Cop21 et agriculture
1,4 Mt équivalent CO2 pourraient être économisées avec les légumineuses

17 % des surfaces arables françaises, soit 3,5 Mha, étaient consacrées aux  légumineuses en 1960, contre à peine 3 %, soit environ 500 000 ha en 2012. Le retour en force des légumineuses dans les assolements français serait pourtant une bonne solution pour le climat, explique l’Apca. En augmentant les légumineuses à 1,3 Mha en cultures et 2,8 Mha en prairies, l’Inra estime la réduction possible des émissions de gaz à effet de serre à 1,4 Mt éqCO2 à l’horizon 2030. Ce gain potentiel de Ges ne tiendrait pas compte par ailleurs de la marge de progrès encore possible en matière d’itinéraires techniques sur ces légumineuses.

« Un intérêt économique aussi »

« Passer de 3 % à 7 % de légumineuses dans les terres arables permettrait par ailleurs de diminuer de 10 % la consommation totale annuelle d’engrais azoté en France », explique l’Apca.
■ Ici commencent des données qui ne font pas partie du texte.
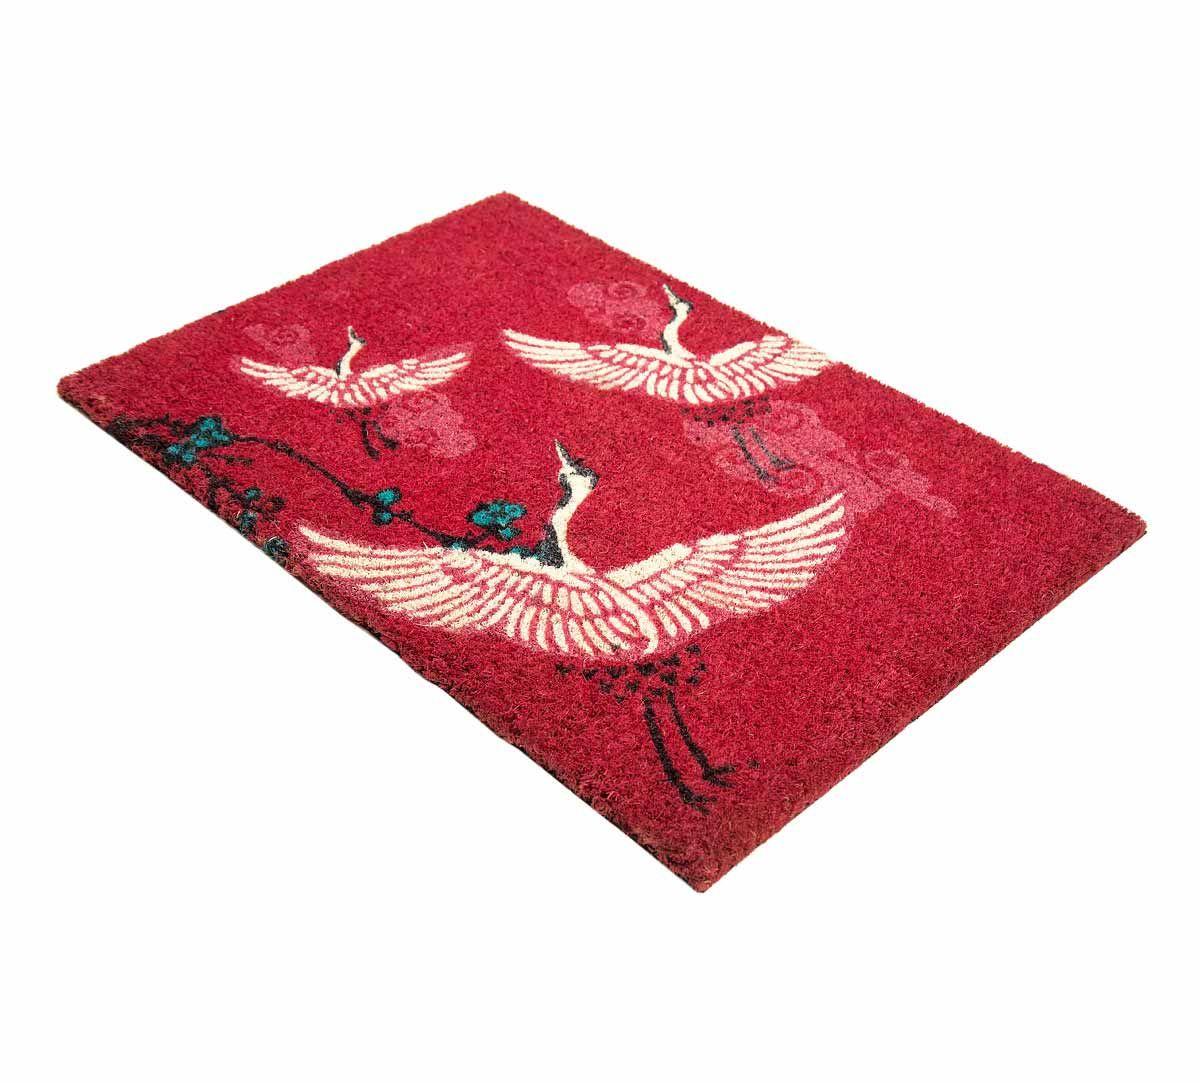 India Circus Legend of the Cranes Red Doormat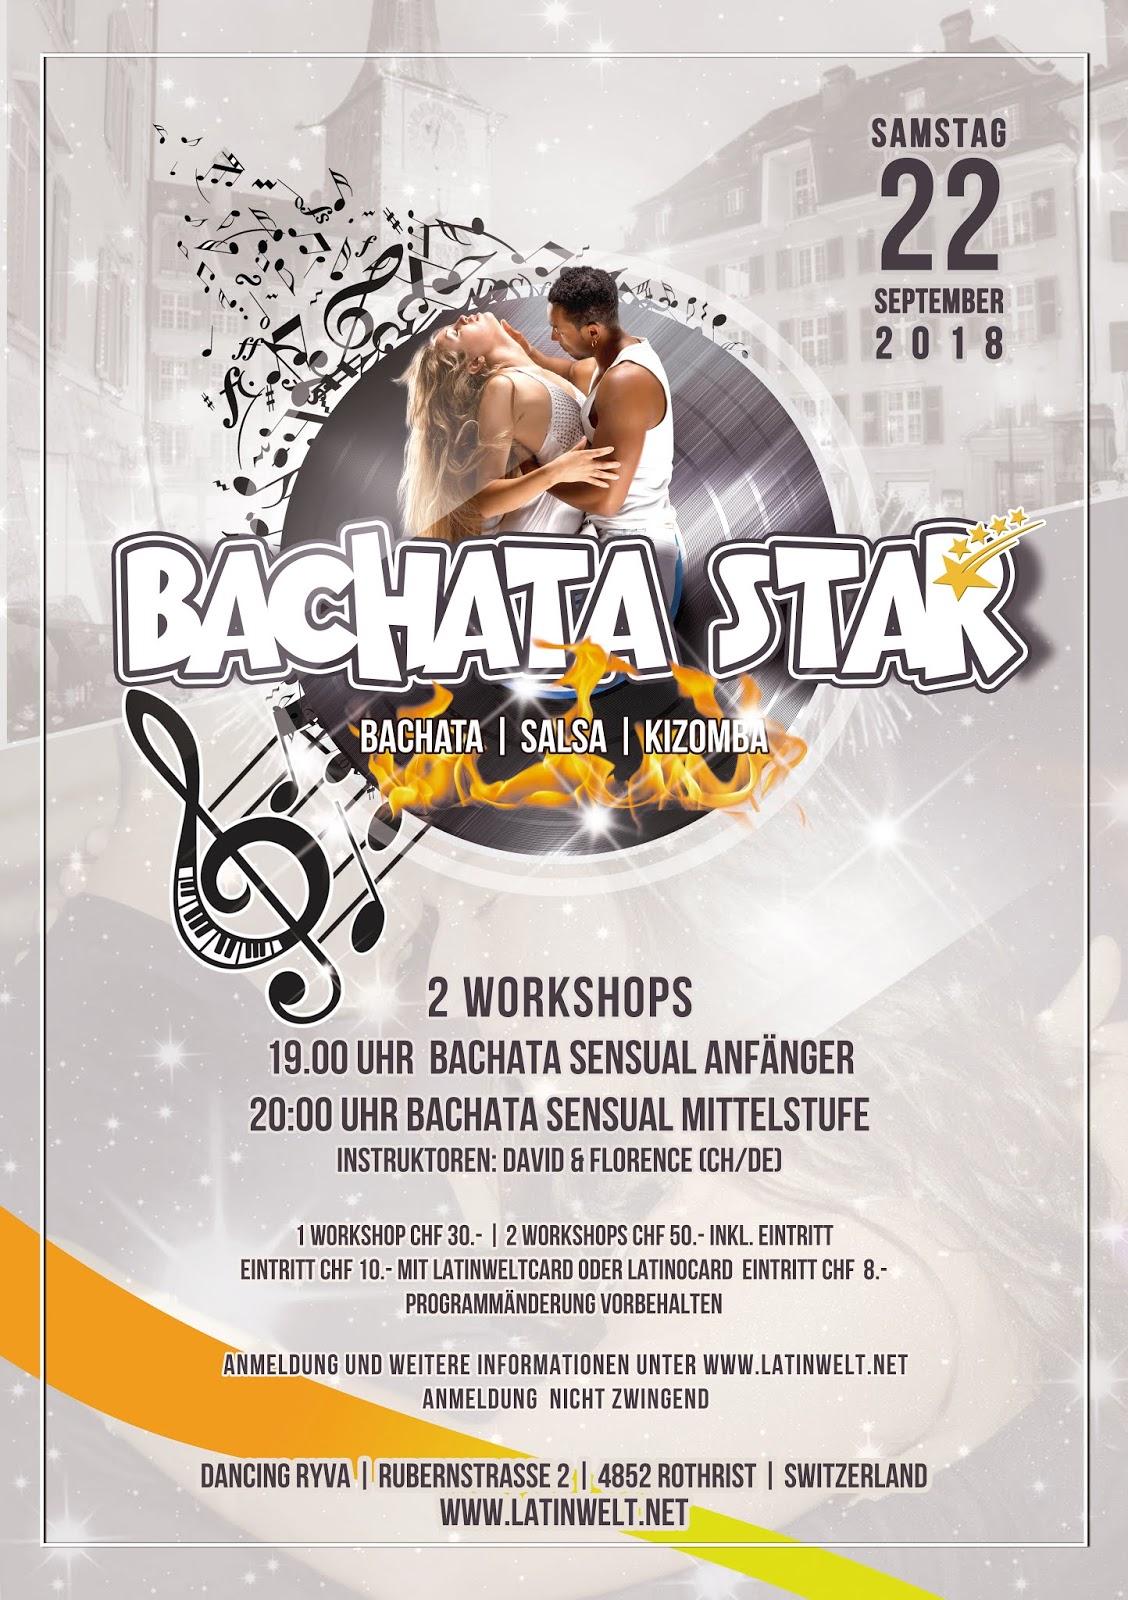 BACHATA STAR

En grandes cultures, le bénéfice économique reste à évaluer au cas par cas, en fonction de la marge brute par culture remplacée, les coûts d’utilisation des matériels, de l’utilisation d’engrais et de produits phytosanitaires, etc. « Selon l’hypothèse retenue et l’exploitation, les résultats économiques peuvent aller d’un coût de 20 €/ha à un gain de 70€/ha. Une substitution de l’orge sera plus rentable qu’une substitution d’un colza ou d’un blé.

En prairies, l’Apca estime à 30 €/ha le gain réalisé, lié à l’économie d’engrais.